▼▼▼
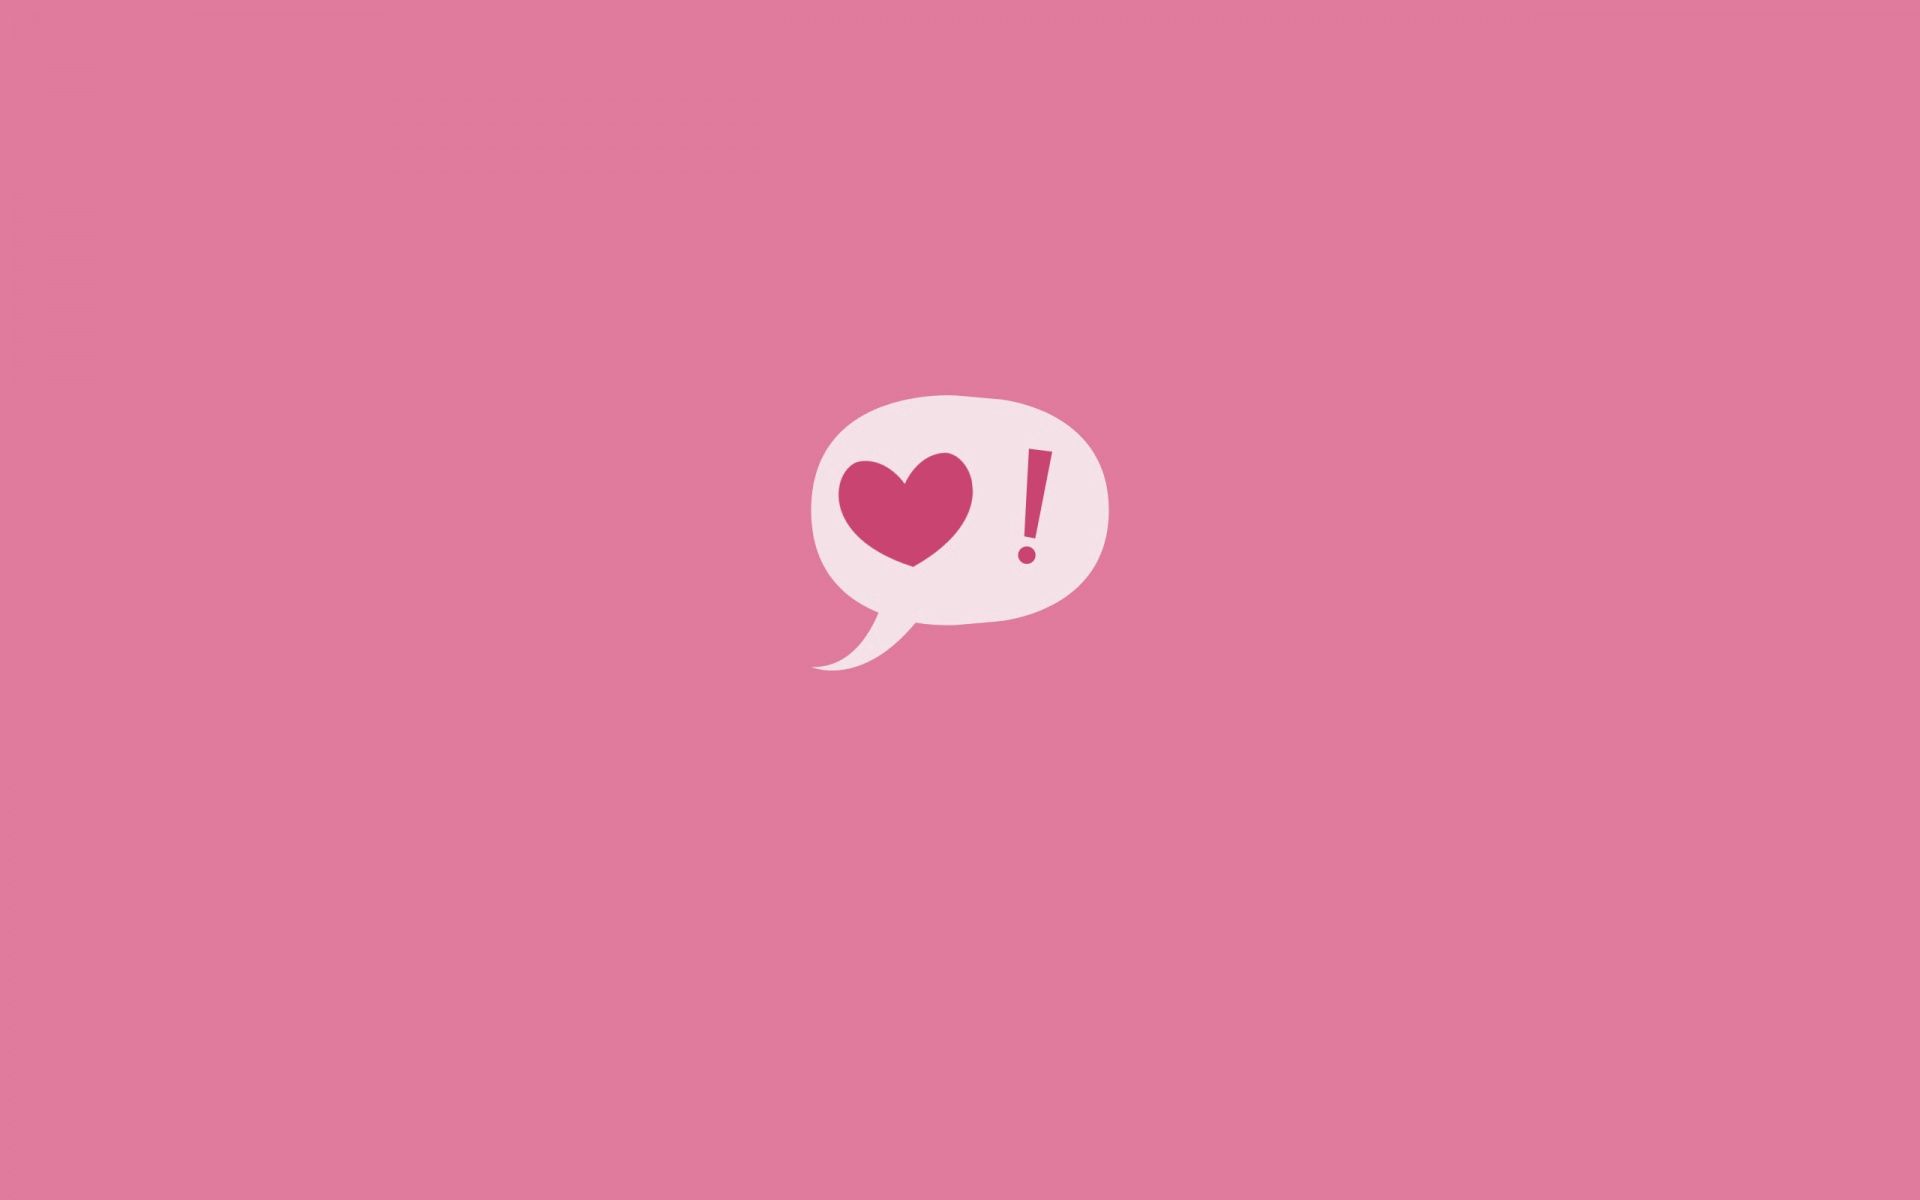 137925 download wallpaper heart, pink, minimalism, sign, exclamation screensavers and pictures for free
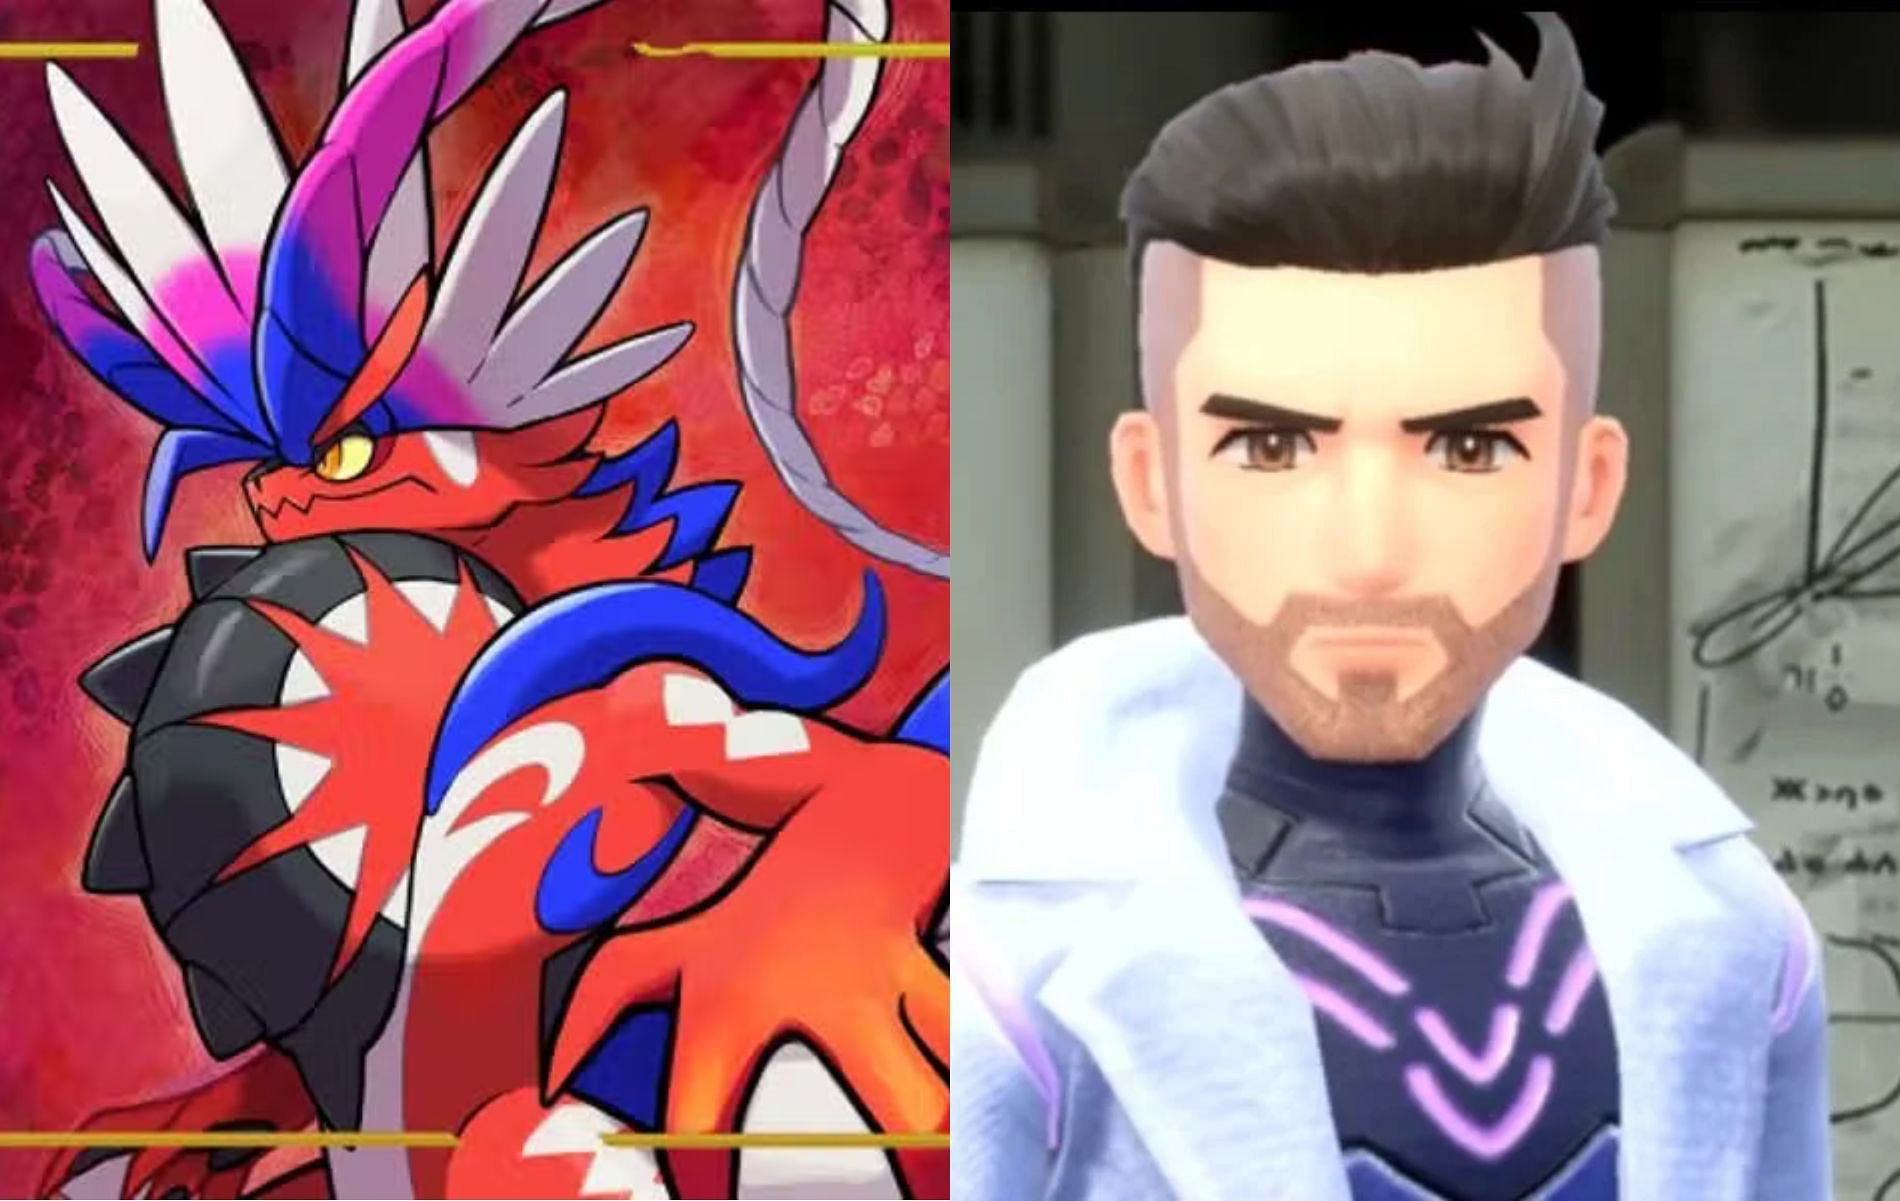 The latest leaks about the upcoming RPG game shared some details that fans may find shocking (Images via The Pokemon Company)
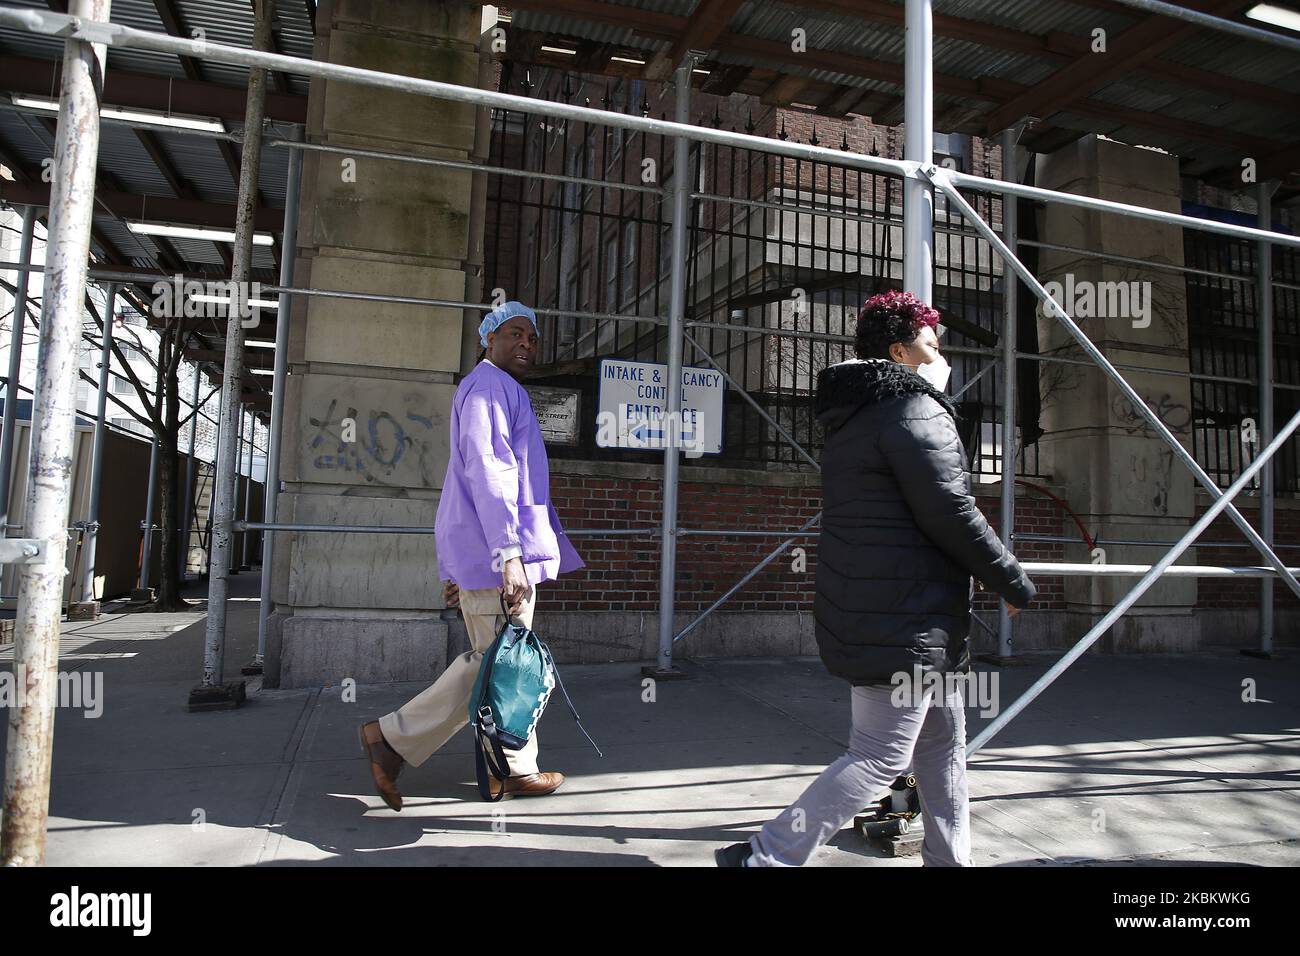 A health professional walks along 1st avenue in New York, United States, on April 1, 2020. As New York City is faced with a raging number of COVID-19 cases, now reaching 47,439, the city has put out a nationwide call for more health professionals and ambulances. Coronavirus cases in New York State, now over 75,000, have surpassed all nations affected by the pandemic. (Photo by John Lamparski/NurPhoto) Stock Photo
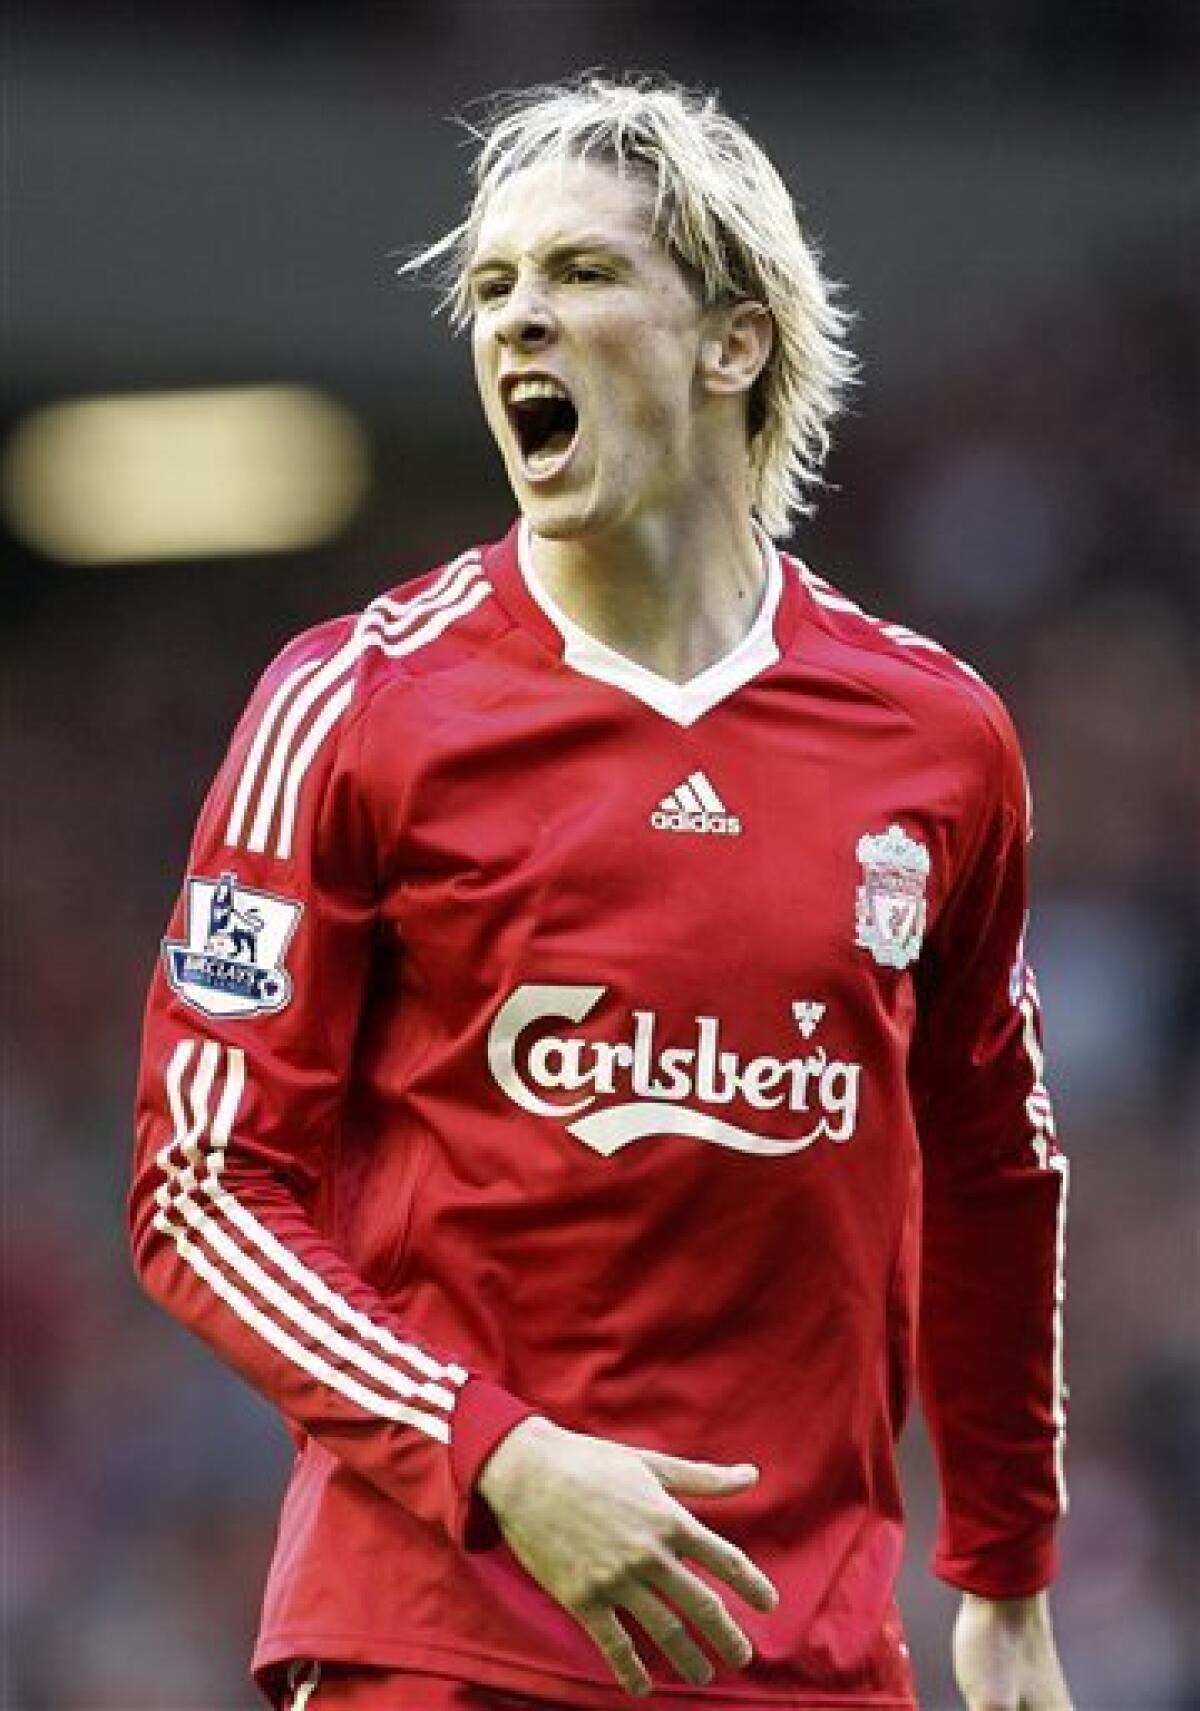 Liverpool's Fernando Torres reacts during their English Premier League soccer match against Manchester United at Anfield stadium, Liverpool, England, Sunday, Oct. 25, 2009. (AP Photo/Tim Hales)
▲▲▲
» **Exercise**
The expected result is the data above in exact form, free of pictures.

» **Reply to the task**
 137925 download wallpaper heart, pink, minimalism, sign, exclamation screensavers and pictures for free
 The latest leaks about the upcoming RPG game shared some details that fans may find shocking (Images via The Pokemon Company)
 A health professional walks along 1st avenue in New York, United States, on April 1, 2020. As New York City is faced with a raging number of COVID-19 cases, now reaching 47,439, the city has put out a nationwide call for more health professionals and ambulances. Coronavirus cases in New York State, now over 75,000, have surpassed all nations affected by the pandemic. (Photo by John Lamparski/NurPhoto) Stock Photo
 Liverpool's Fernando Torres reacts during their English Premier League soccer match against Manchester United at Anfield stadium, Liverpool, England, Sunday, Oct. 25, 2009. (AP Photo/Tim Hales)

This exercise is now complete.